The world of sports investment is witnessing a new contender that promises to revolutionise the game, but its language is straight out of a Silicon Valley pitch deck. Project B, a startup global women's basketball league, is emerging from what its founders call "stealth mode" with grand ambitions and even grander rhetoric.
The AI Comparison and Tech Bro Vernacular
Co-founder Grady Burnett, a former top executive at Facebook and Google, recently claimed that women's basketball is growing as fast as artificial intelligence. This eyebrow-raising statement came during promotion for Project B, which aims to create a "Formula 1-style circuit played on a global stage".
The league has attracted players like Alyssa Thomas and was briefly associated with LeBron James and Maverick Carter before their involvement ended. Burnett's promotional blitz has been characterised by a stream of tech industry clichés, including references to "supply-demand mismatch", Web3, and having a "focus on eyeballs".

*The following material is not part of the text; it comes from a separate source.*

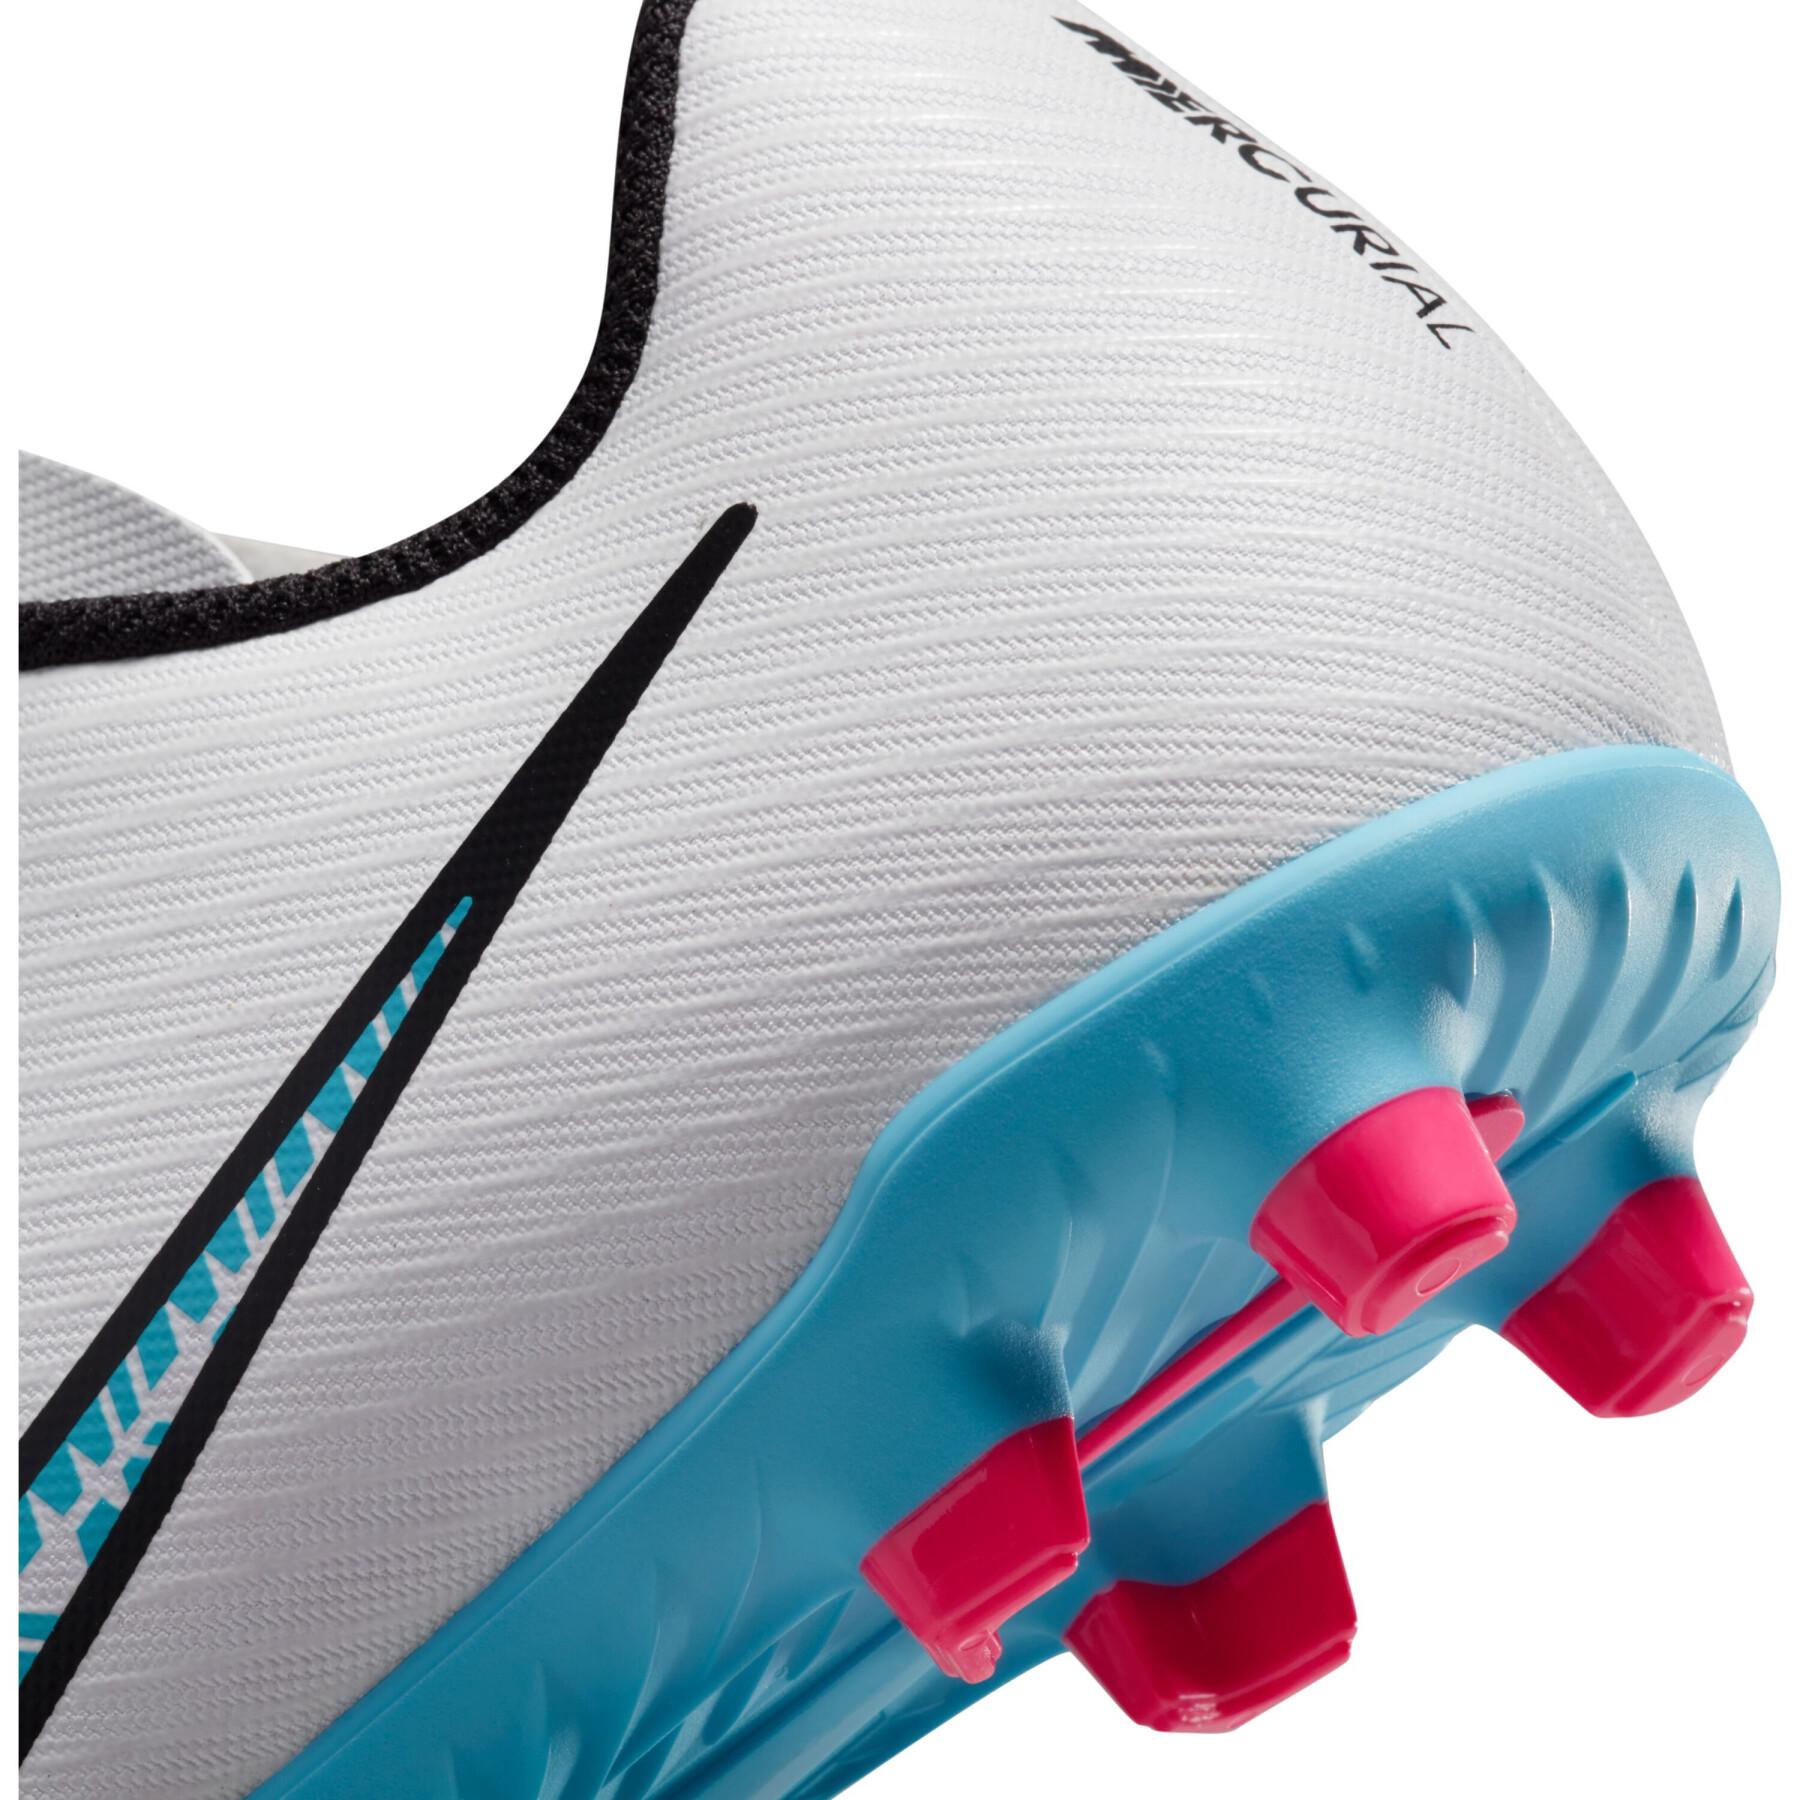 Chaussures de football enfant Nike Mercurial Vapor 15 Club FG/MG - Blast Pack

He's described working with investors who can "lean in" and drive a "platform shift", while suggesting the league could discover culture through basketball in the manner of Anthony Bourdain's approach to food.
The Financialisation of Modern Sport
Project B enters a women's basketball landscape already crowded with new competitions like Unrivaled and Athletes Unlimited. This explosion of new formats isn't driven by popular demand for sporting innovations but by the financialisation of professional sports.
Investors are sniffing for value beyond traditional major leagues, exploring opportunities in sports including:
- Padel
- Volleyball
- Professional bull riding
- Pickleball
- Mountain biking
David Eisen, an investor in the North American Pro Padel League, typified this approach by focusing on league valuations rather than participation or cultural influence. According to co-founder Marcos Del Pilar, the same league serves as a "networking superconductor for athletic, like-minded, like-moneyed masters of the universe".
Language as the First Casualty
The invasion of sports by tech investment hasn't just changed ownership structures—it's fundamentally altered how we talk about competition. Where sports were once the realm of proudly inarticulate athletes and coaches, today's discourse revolves around ecosystems, value-adds, and core unlocks.
This linguistic shift reflects the broader financialisation affecting sports across the US, Europe, Asia, and the Middle East. Greg Bettinelli of The Chernin Group, which has invested in Barstool and Unrivaled Sports, predicts "an expansion of the definition of sports to be more focused around fandom and engaged consumers".
Meanwhile, established leagues are thinking bigger too. NBA deputy commissioner Mark Tatum recently outlined visions for European expansion featuring "world-class infrastructure" and future "supersonic travel".
Former Milwaukee Bucks owner Marc Lasry summarised the investment thesis simply: "I think you can make a fortune of money investing in sports. You just don't have much competition right now." Against this financial onslaught, the first casualty appears to be the English language itself, as the authentic spirit of sport becomes increasingly obscured by the sticky web of capital and tech jargon.